#3 Running Together, Filling the Gaps

Hello! This is the third entry in Team Belladona's development log.
It hasn't been long since the two of us started, but our ways of working are already clicking into place. We're in touch every day on Discord — sharing progress, catching what the other missed, naturally filling in each other's gaps. There's a certain feeling that comes from knowing roughly where your teammate is without having to ask. That's the quiet pleasure of working as a team.
This week also called for an agreement on how we'd use Spine together within Unity. Installing the Spine runtime package is just the start — we also needed to align on how we'd actually use it. We settled on naming conventions for directional skins and animations, and we've been working from that shared standard ever since. It sounds like a small thing, but agreements like this are what make it possible to connect each other's work without friction down the line.
Hyoni: Noah, Brought to Life in Two Sizes
This week, I focused on the Spine work for Noah's character.

Noah is Anne's older brother, and he appears in different forms depending on whether you're in the world or dialogue part of the game. For the world part, we decided to use standing images for conversations as a way to keep resource costs down — which means I'm building both a small version and a full-size version separately. The small Noah for the world part is now at its first complete stage, and I'm currently working on the full-size version.

Honestly, I thought something like the above would be done in a day. Then Panthera, drawing on his experience making visual novels, pointed out that each character needs around 7 to 8 expressions and poses. The moment I heard that, it clicked — this was absolutely not a one-day job.
When you're playing other games, these things go by without a second thought. But when you're the one making it, you start to see how these small details are exactly what breathe life into a game.

This week also had me thinking a lot about combat design. We had a direction — "RPG-style combat" — but the specifics of how that combat would actually play out weren't clear yet. Talking it through with Panthera, I've been taking the lead on shaping the overall flow and feel of the battles. It's not a finished picture yet, but the outline is slowly coming into focus.
Panthera: The Wrong Turns Were Worth It
I took quite a few detours this week.
The plan was to implement 2.5D within a 2D environment. I tried all sorts of approaches — combing through the docs, leaning on AI — but nothing felt quite right. I had a sense that something was fundamentally off, but I couldn't pinpoint where.
Then Hyoni showed me a Unity project she'd built around camera perspective. It was a simple, smoothly moving prototype, and the moment I looked at her code, something clicked.

To build 2.5D, you have to start from a 3D environment. Looking back, it's obvious — trying to add 0.5D on top of 2D is nearly impossible by design. Carving 2.5D out of 3D is the far more natural approach.

In hindsight, none of this was entirely unexpected. I never assumed it would work cleanly on the first try — running into walls and finding your way around them is part of the process. From that perspective, my goal was to have the core flow designed by next week, and honestly, progress has been faster than expected.

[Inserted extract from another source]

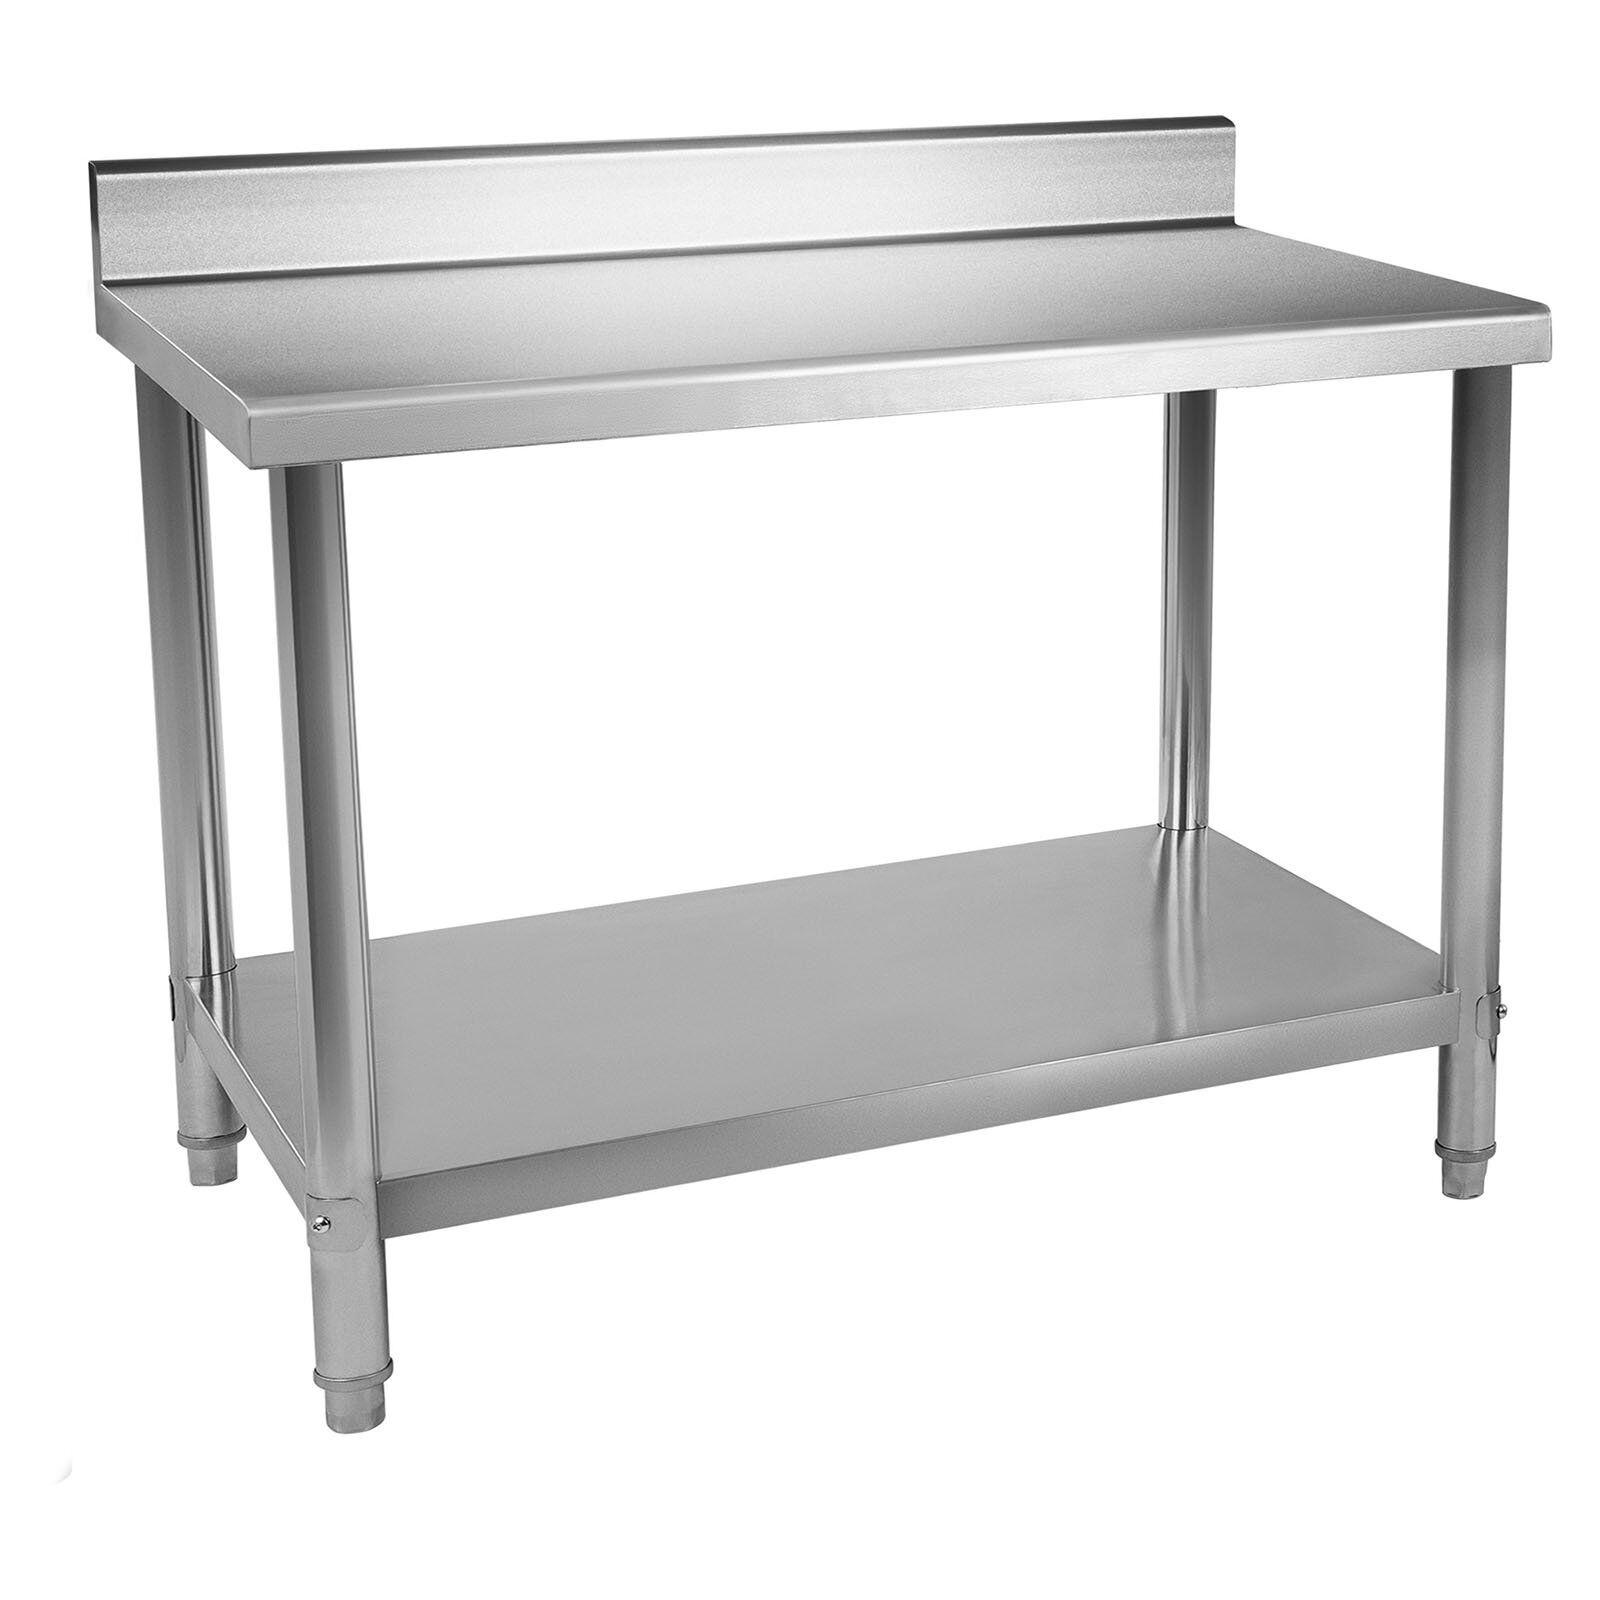 Royal Catering Arbeidsbenk i rustfritt stål - 100 x 60 cm - Beskyttelseskant

Once I committed to the switch, I moved the project over to v2 in a 3D environment. The working methods carried over well enough that the transition wasn't jarring — I've been building on the movement implementation and attaching the combat and timing systems in line with the framework's conventions. A bit more polish and we'll have a development flow clean enough to duplicate and use as a template. The detours happened, but they've turned into a foundation I can actually build on.

Closing
The more we dig into the details, the more we realize just how large the world Hyoni had in mind really is. Trying to build all of it at once would be a road to nowhere. So our strategy is clear: break it down into what we can actually do right now, and build it out one piece at a time. This week was a small step, but a certain one.